» **YOUR GOAL**:
Below is a listing with pictures. Repeat exactly the lines starting at the one holding "N-pal UB (ungdomsbedrift)" and going on through the one holding "Warm Angla Boirs Nude Images", and leave every picture out.

» **SOURCE MATERIAL**:

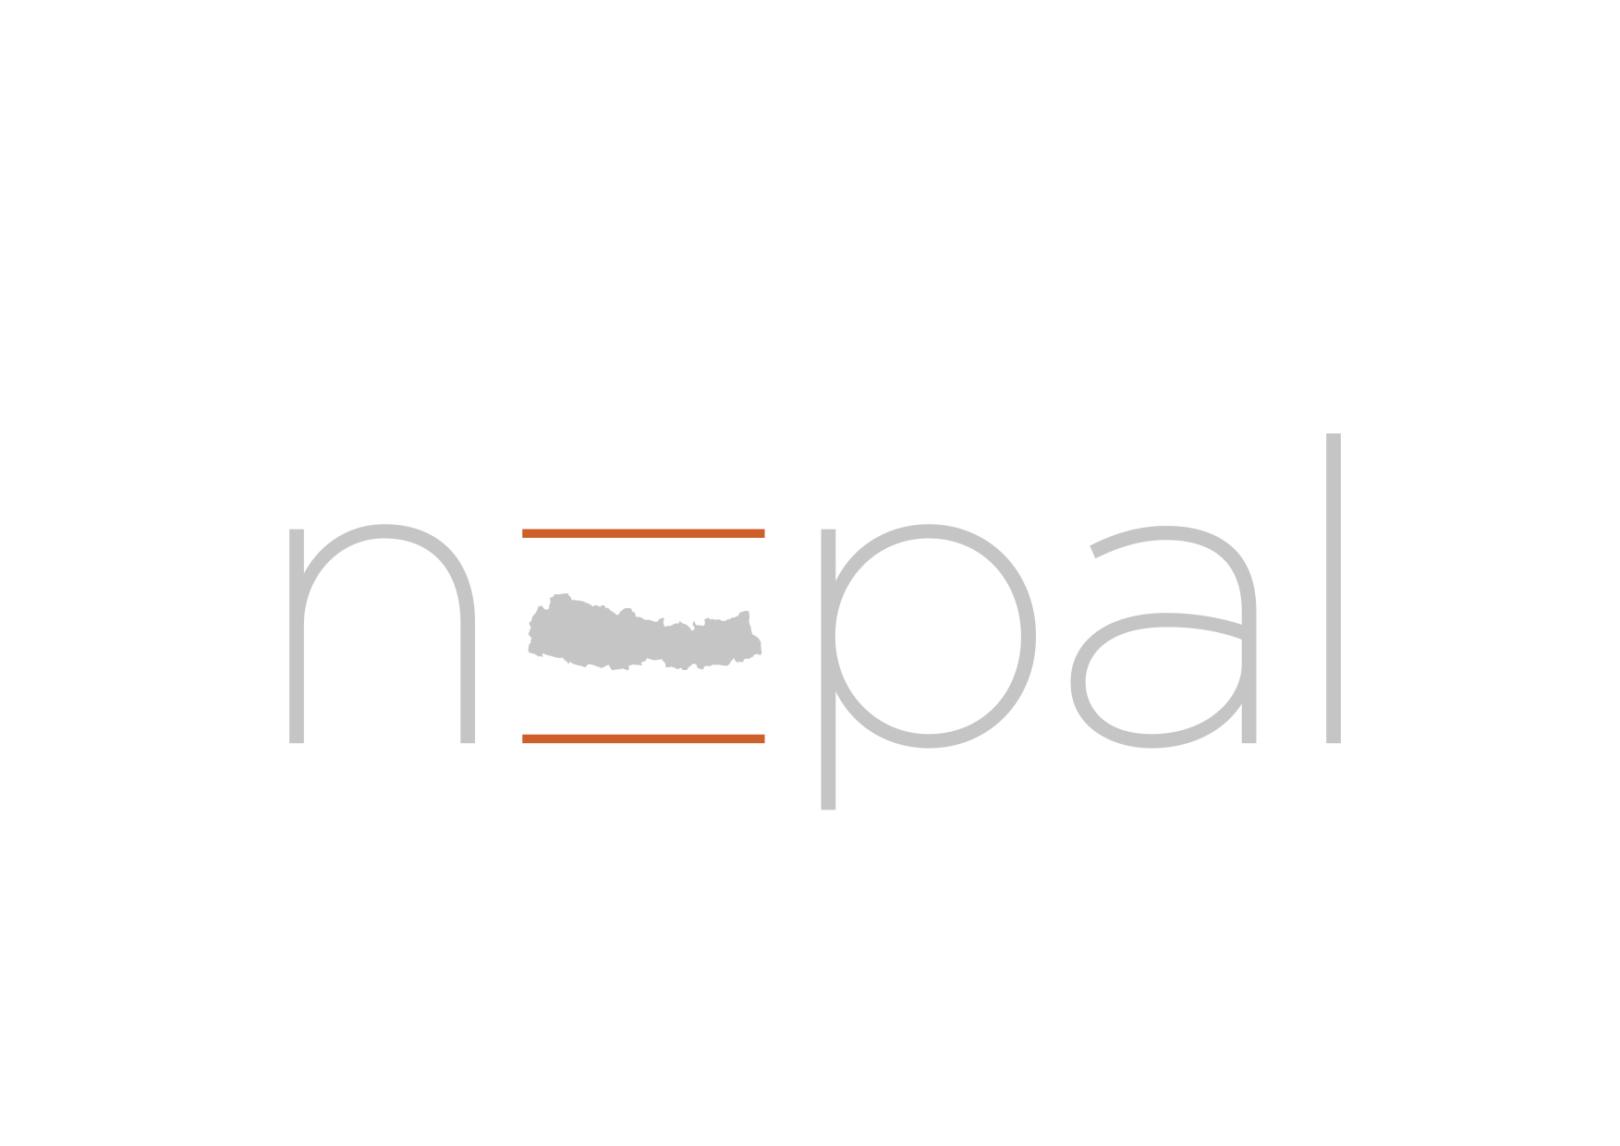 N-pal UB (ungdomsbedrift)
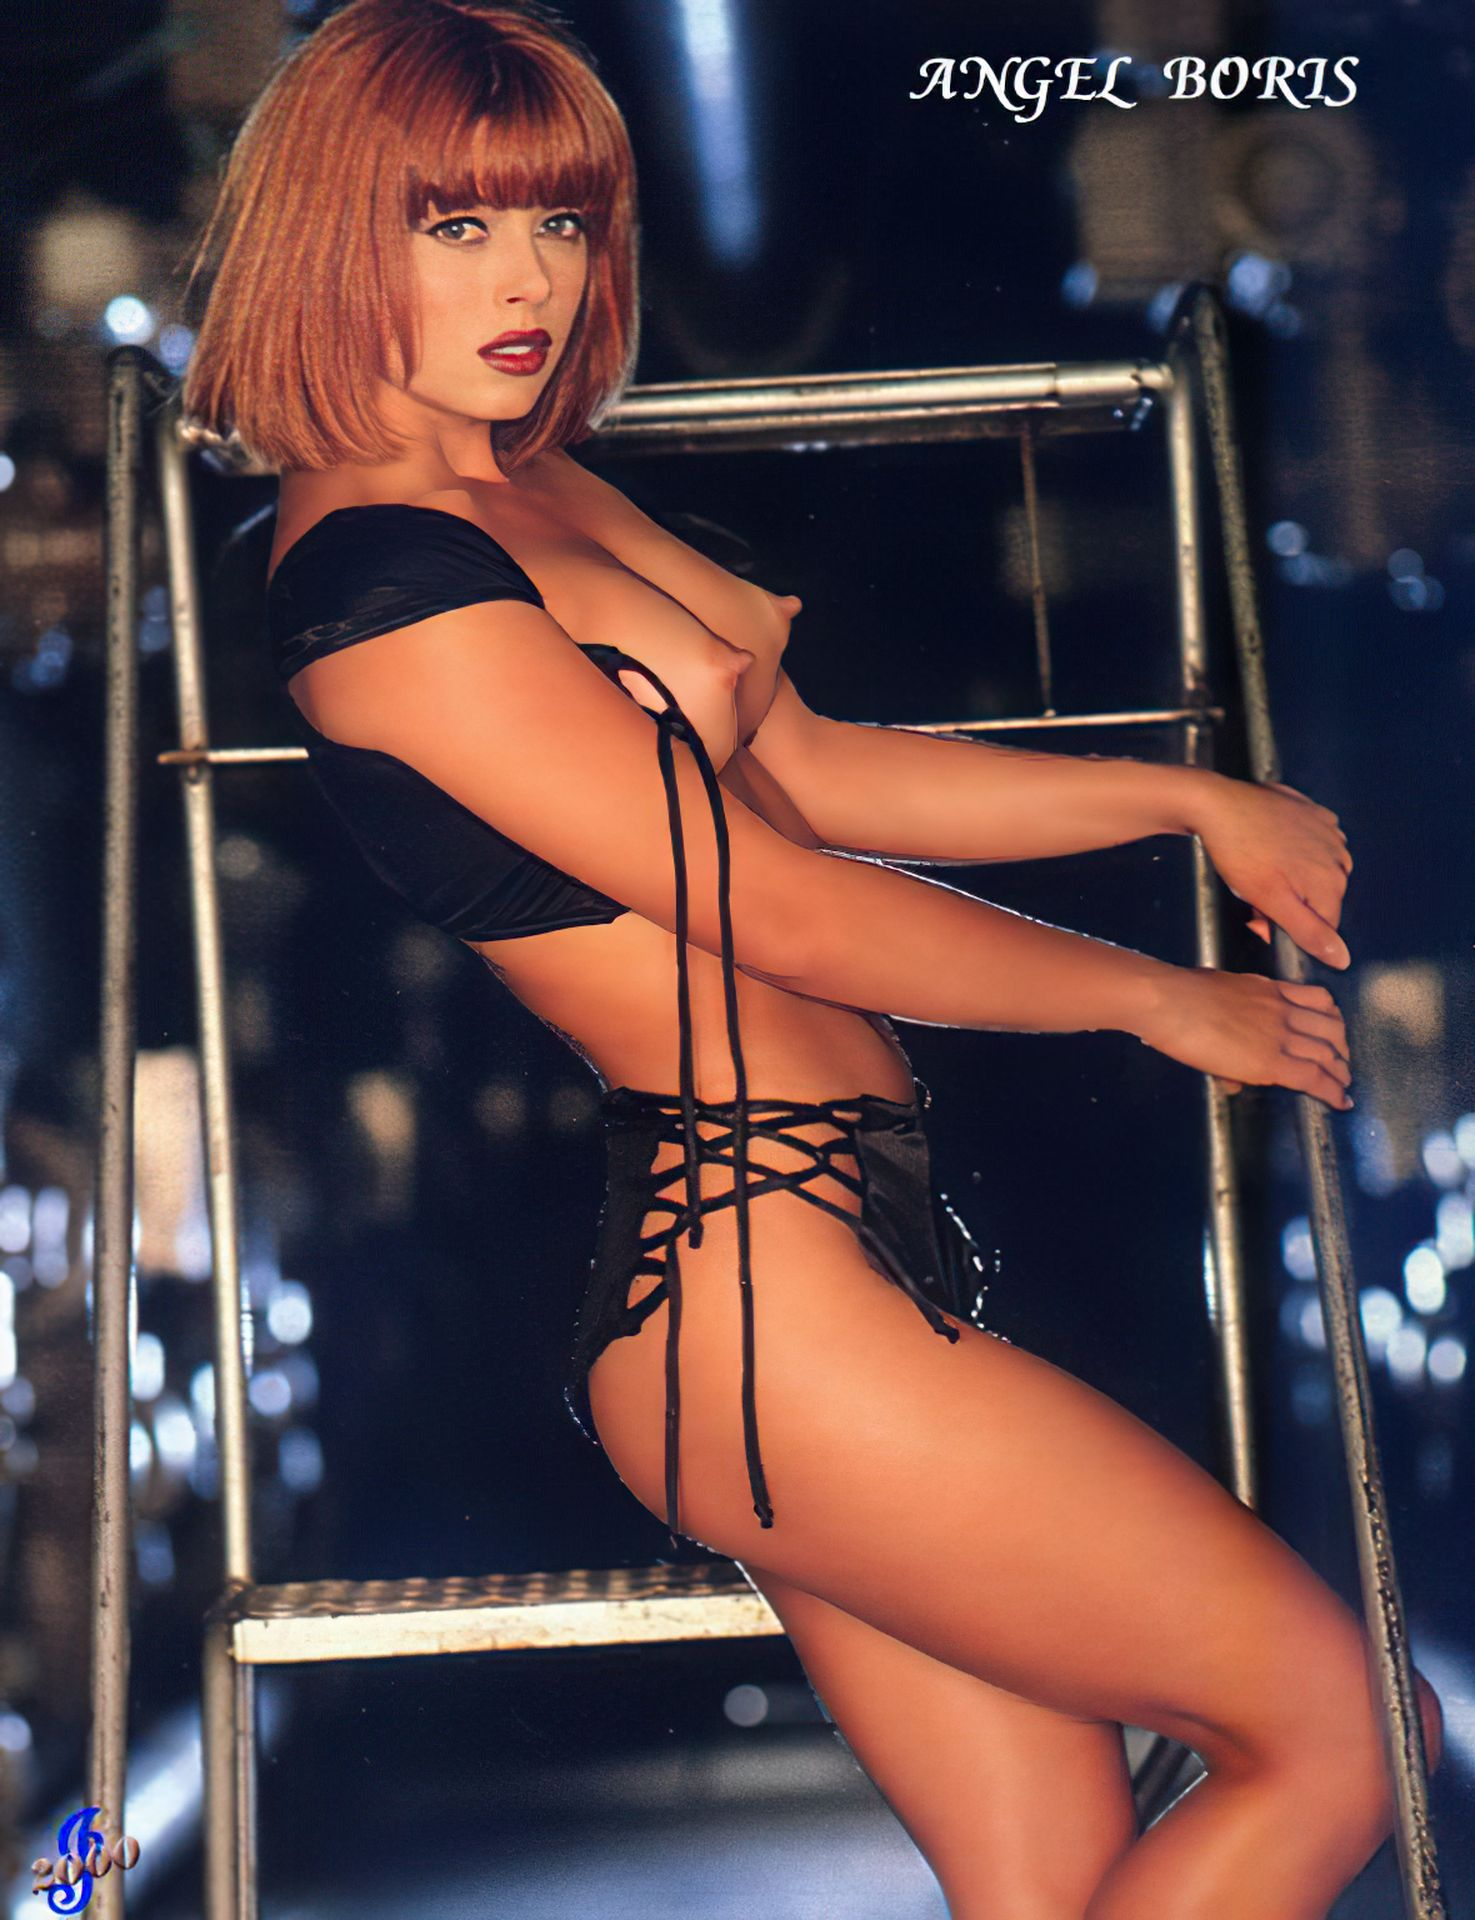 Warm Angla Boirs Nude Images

---

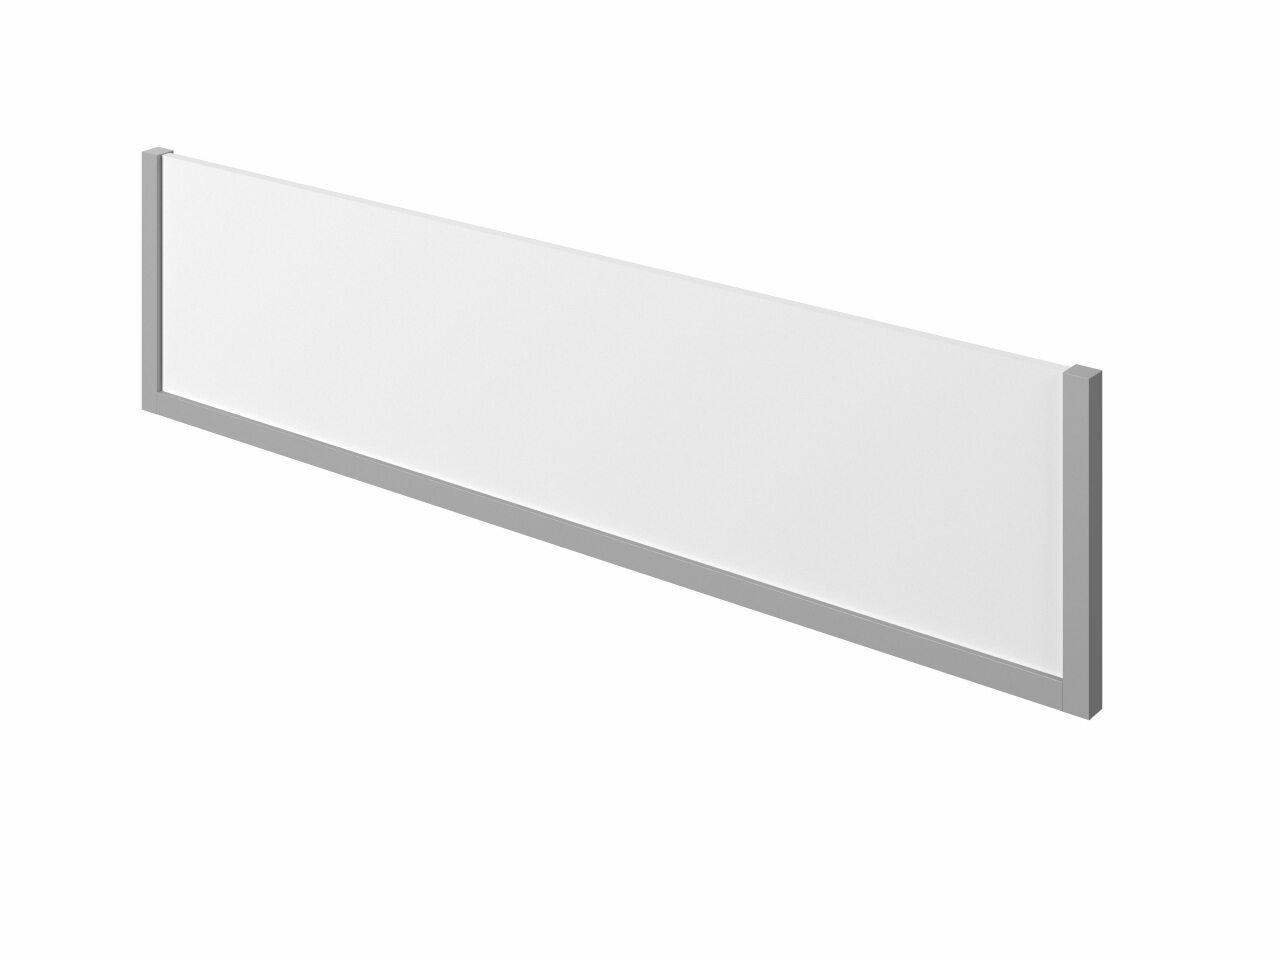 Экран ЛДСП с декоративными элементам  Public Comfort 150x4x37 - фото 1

==

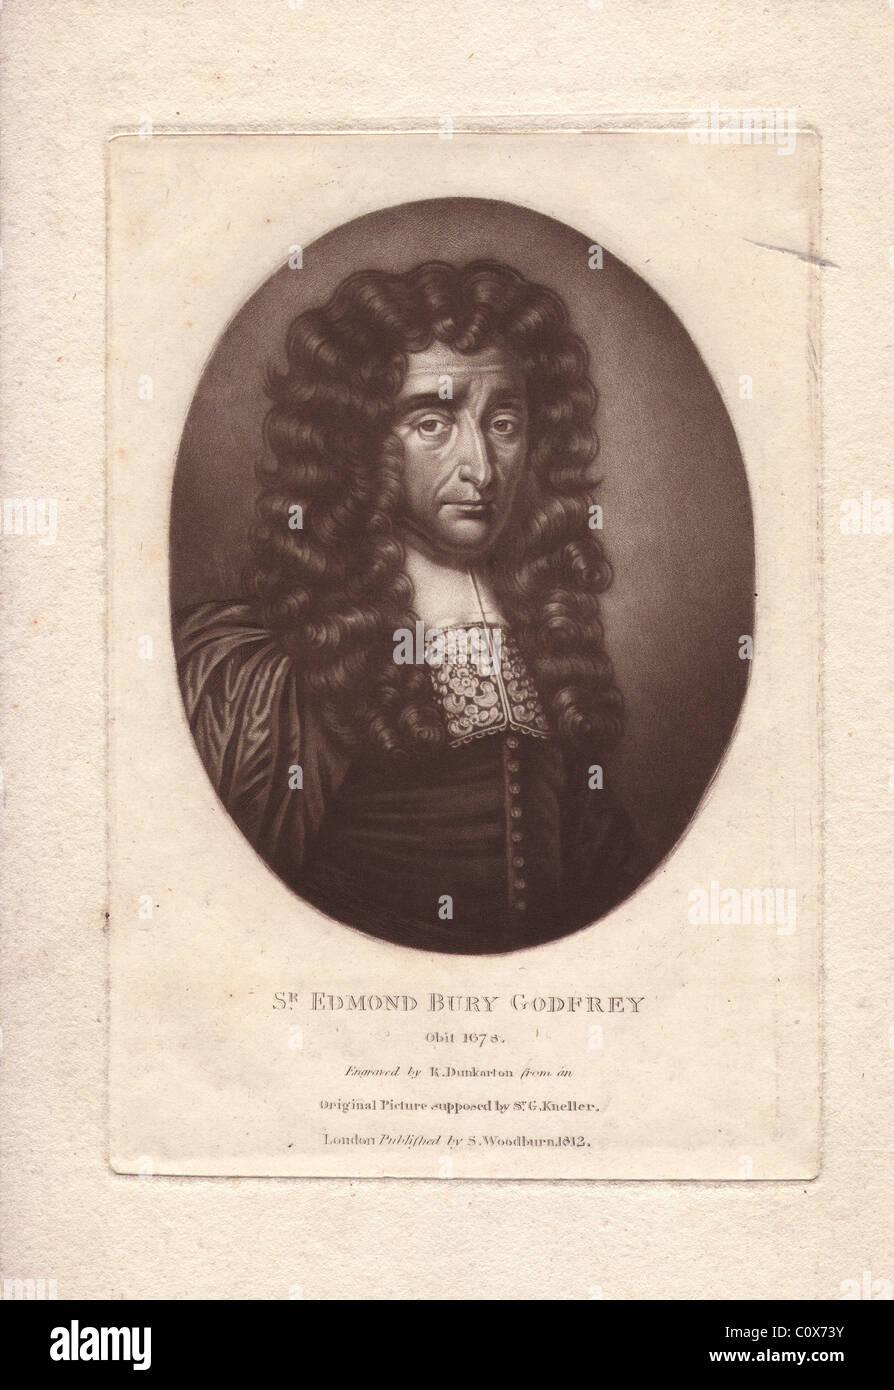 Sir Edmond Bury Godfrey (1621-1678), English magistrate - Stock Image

» **FINAL ANSWER**:
 N-pal UB (ungdomsbedrift)
 Warm Angla Boirs Nude Images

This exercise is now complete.